Certain she’d suffer a cardiac arrest if he shared even one of those other things he’d thought of, she closed her eyes, shutting out the sensuous curve of his mouth and her body’s response to all the possible uses he might find for it.

She should have had Marie make the coffee double strength, because she clearly wasn’t her usual self yet. She shook her head and sent her pearl drop earrings swinging. “I’m not following you.”

“Oh, on a bike, you definitely will, and I imagine you won’t mind the view too much, either,” he quipped. Her eyes snapped open in time to see his mouth curling in a suggestive smile.

What that view would entail presented itself quite clearly in her imagination, so she adverted her eyes to erase the image and said succinctly, “I do not owe you anything, let alone a bike ride.”

“Oh, yes, you do.

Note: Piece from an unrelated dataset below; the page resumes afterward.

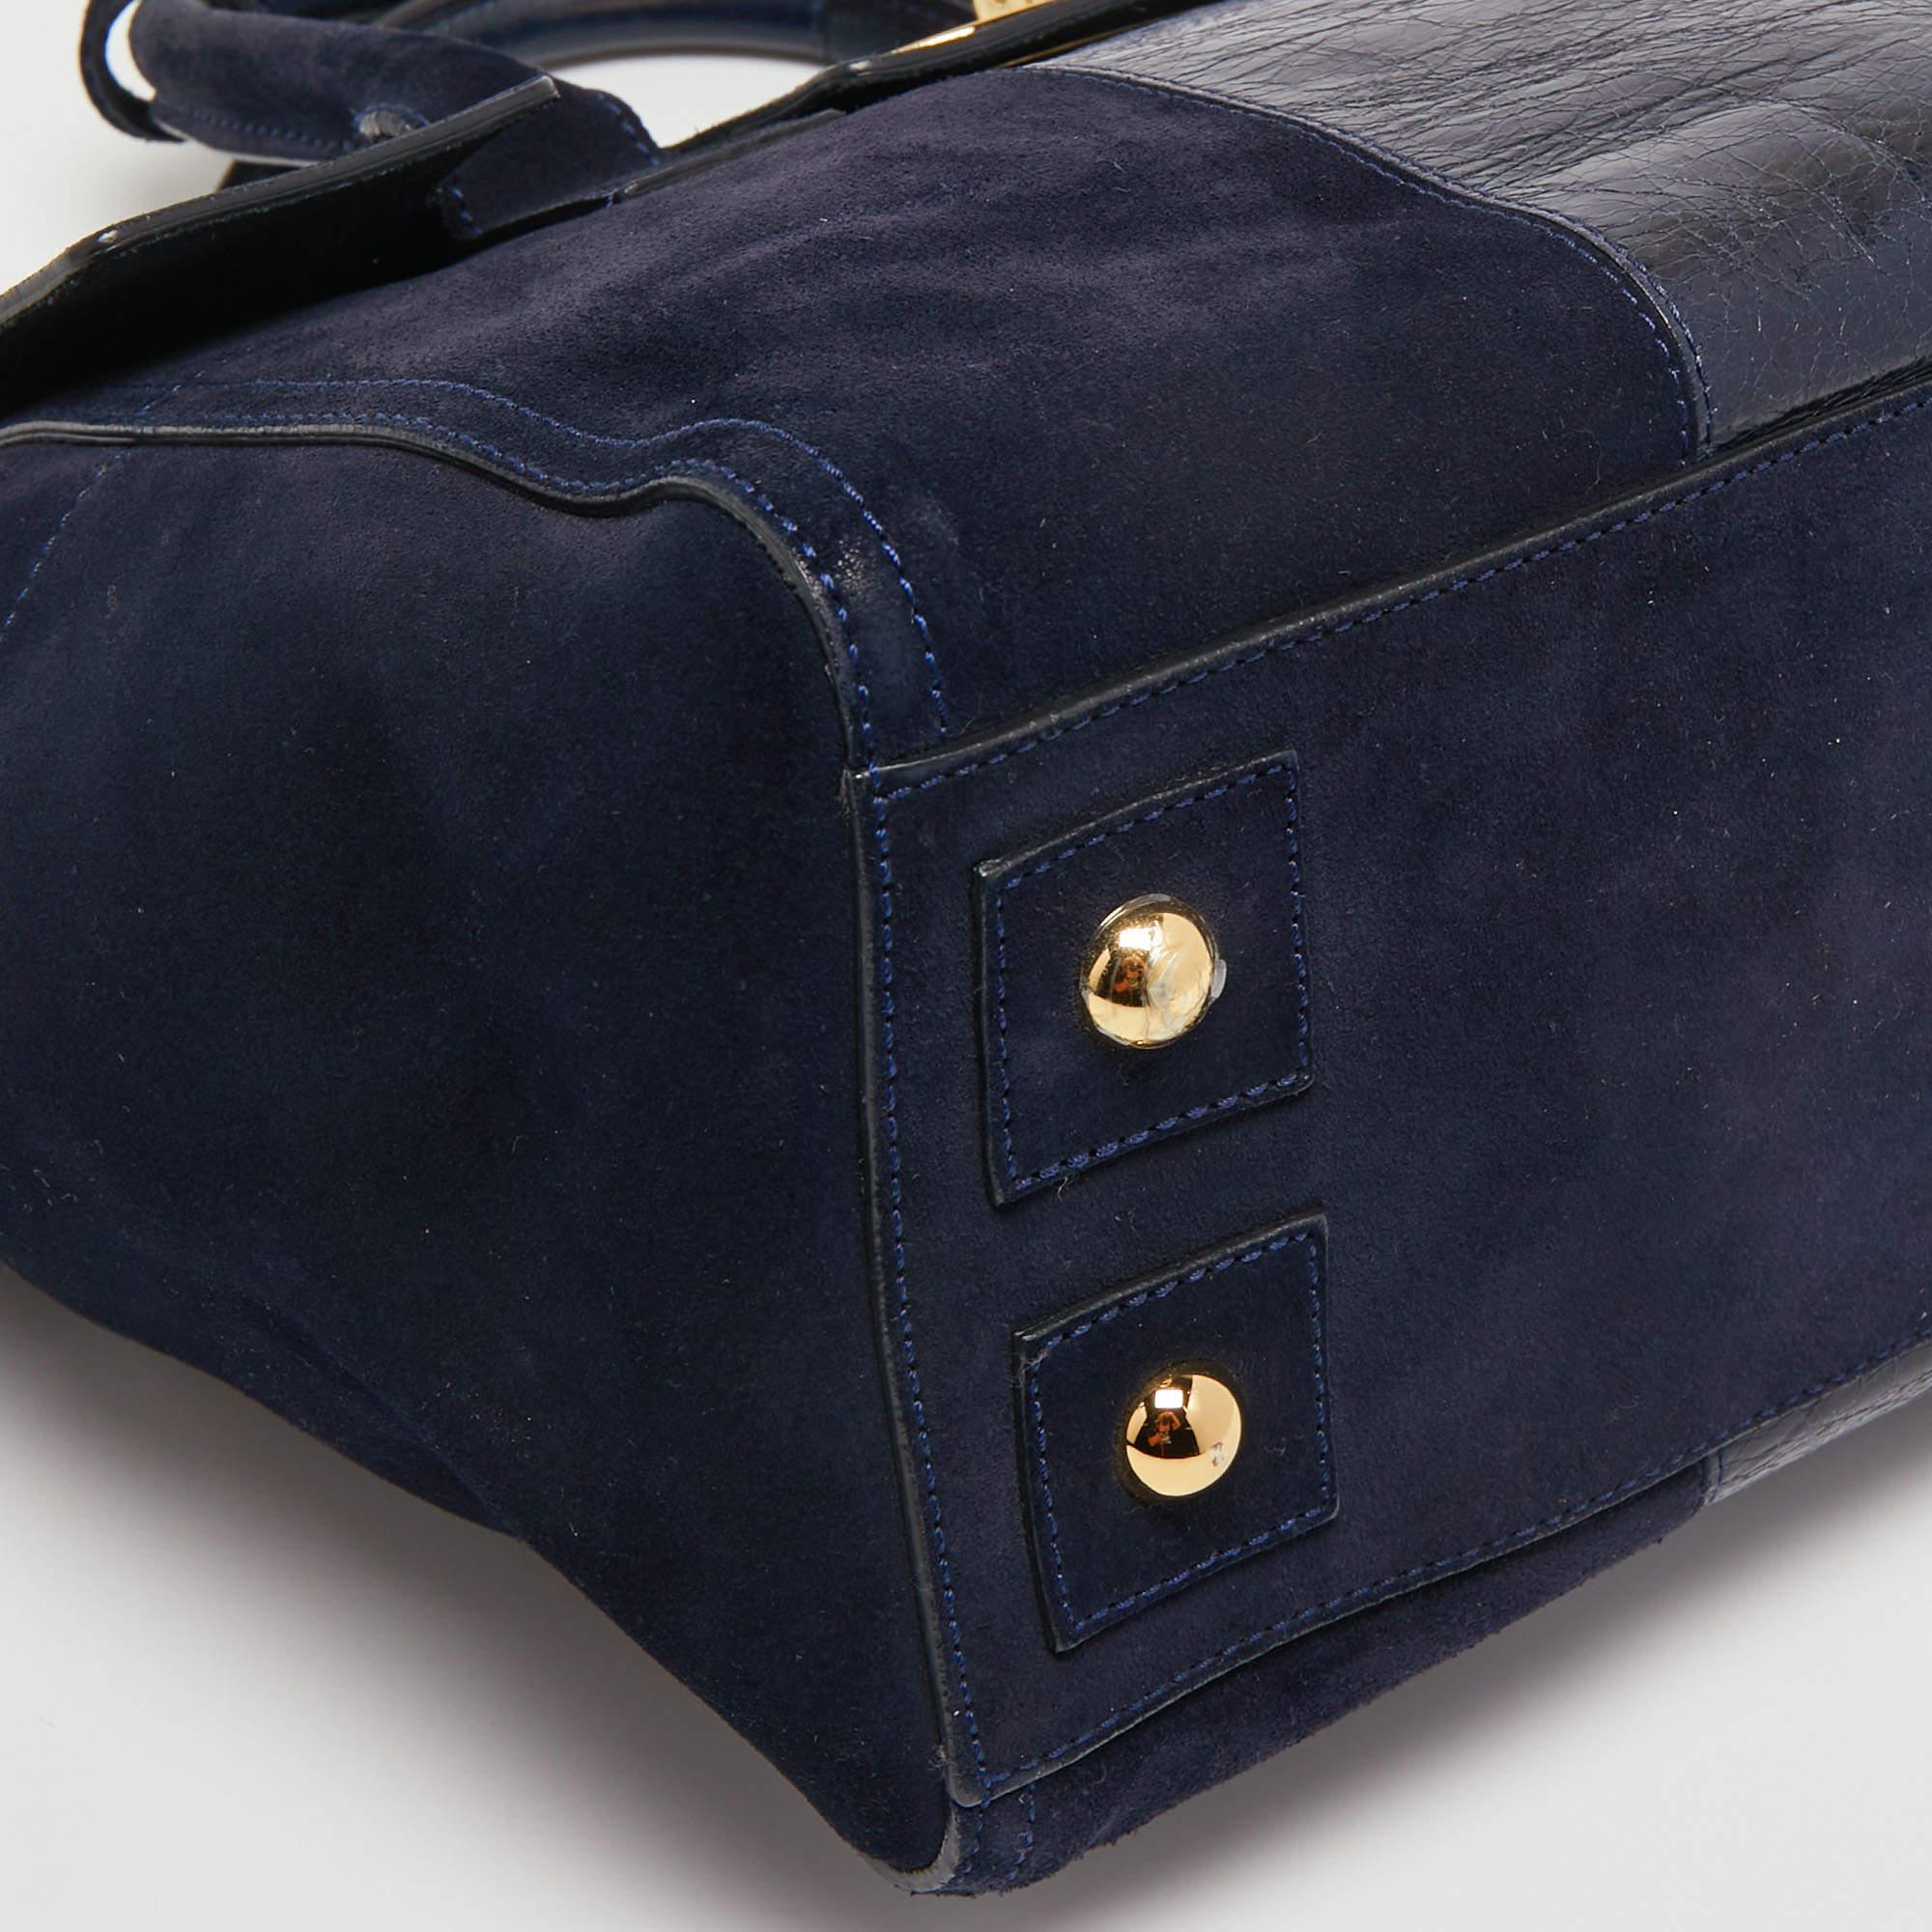 Mulberry Navy Blue Suede and Leather Bayswater Satchel 1

If I’m going to escort you to that charity thing Friday—”

Her gaze leapt back to his. “That’s not because of me. Grandmother is the one—”

“Why? Does she think you can’t get your own date? Oh wait,” he supplied before she had the chance to do more than open her mouth to protest, “I forgot, you don’t date. You don’t have time.”

The burn of indignation had her out of her seat in a flash. Unfortunately she still had to look up to meet his mocking gaze. “I don’t have time to commit to a serious relation—”

“So your grandma has to fix you up. I understand.” He patted her shoulder, his hand big and warm and obnoxiously patronizing.

It took all she was worth not to kick him. “My grandmother does not have to fix me up.”

“Oh, really? If your grandma hadn’t appointed me to the job, who would you take, then, since you said it was customary to have an escort to this shindig?”

Her gaze trapped in his tiger-eyed stare, she stammered, “Well, I—I—”

His eyes narrowed. “Tell the truth.”

She raised her chin, his challenge to her principles returning her to her senses. “I model my life around three things, Mr. Wild. The unmalleable Three P’s I was taught in prep school: Propriety, Presentation and Principle. So I always tell the truth.”

A muscle in his clean-shaven jaw flexed before he blinked slowly. “Do ya, now?” he drawled in a way that reminded her of a Scotsman. “Even if the truth is…impolite?”

She stepped away from him, using the excuse of needing to set her cup and saucer down on the small round table between two nearby chairs. “There are always ways to phrase the truth so as not to offend—”

“Who would you take?” he pressed.

She went back to her chair and picked up her day planner off the arm, using the excuse of holding it against her to cross her arms over her chest. “My father. I would have asked my father to return early from his trip to Palm Desert to escort me.” She firmly added, “Since the award is honoring Grandmother, and she can’t attend, it would be appropriate for my father and I to be there in her stead.”